Under a state law amended last year by the Legislature, a signature is "invalid only if it differs in significant and obvious respects from the elector's signature on file.”
A voter’s on-file signature is either from their driver’s license or voter registration, Hardmon wrote in an email. These signatures don’t require updating unless an individual changes their legal name.
If signatures aren’t an exact match, clerks have broad discretion to consider the voter has aged, the surface they signed on, name abbreviations and “any other plausible reason given by the voter that satisfies the clerk when following up on a questionable signature.”
Voters also have a chance to “cure” a rejected signature by filling out a separate form, which allows them to cite a medical condition, advancing age or “the number of years that have elapsed” since they last provided a signature for a driver’s license or voter registration.

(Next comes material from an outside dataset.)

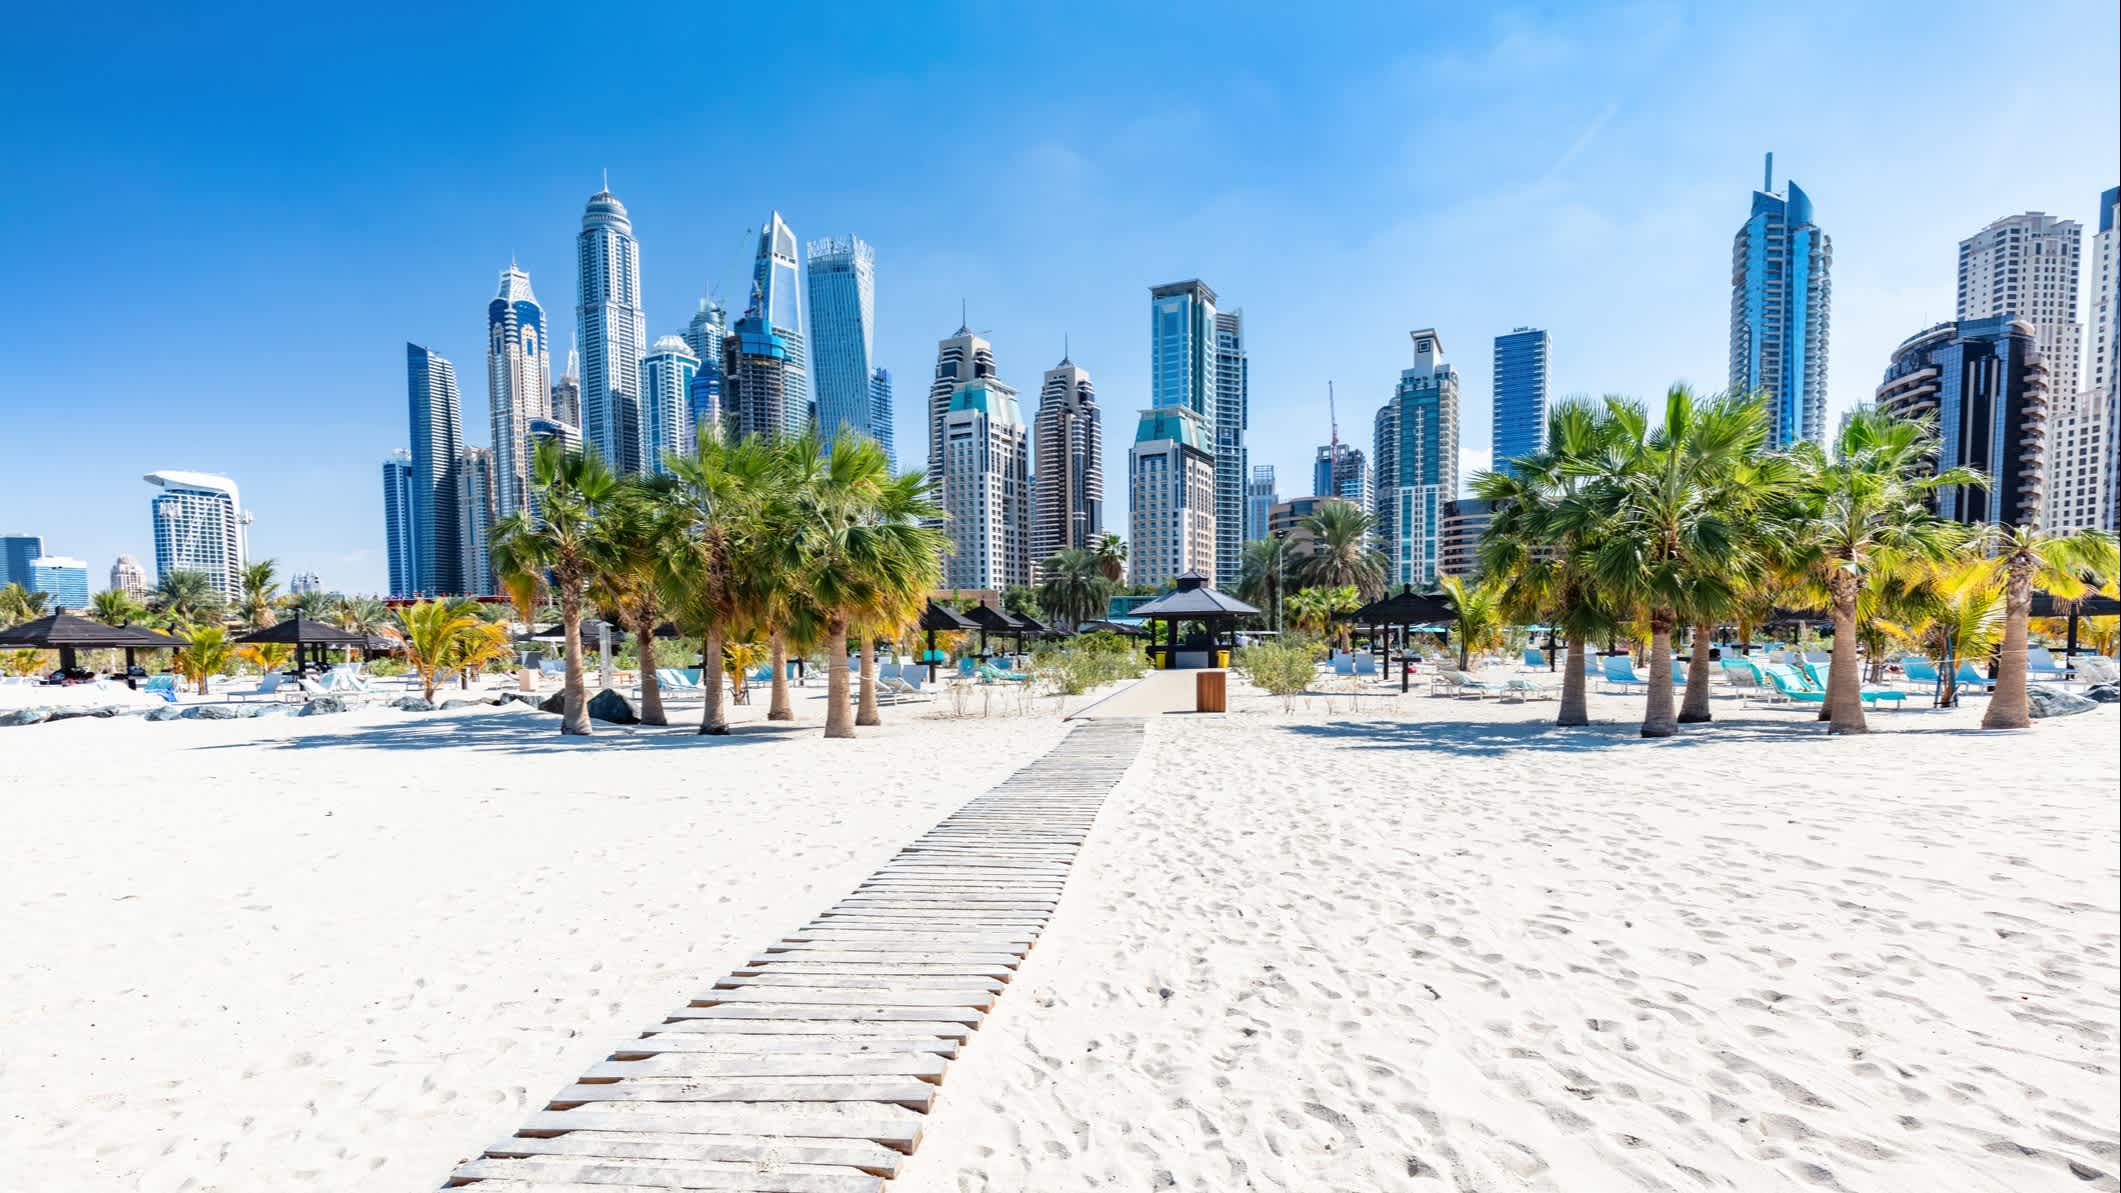 Das Panorama mit Dubai Jumeirah Strand und Marina Wolkenkratzer in den Vereinigten Arabischen Emiraten.

The state has identified “commonsense reasons” to allow signature variations, Michigan Court of Claims Judge Christopher Yates wrote in a June opinion. The law “modestly offers real-world explanations consistent with the generous approach to signature verification that our legislature has prescribed,” he wrote.
But in the same opinion, Yates wrote that a 2023 directive from Michigan Secretary of State Jocelyn Benson’s office for clerks to initially presume the validity of absentee ballot signatures was "a foul under Michigan law.”
He ordered the state to remove the "initial presumption of validity" from a guidance manual provided to local clerks.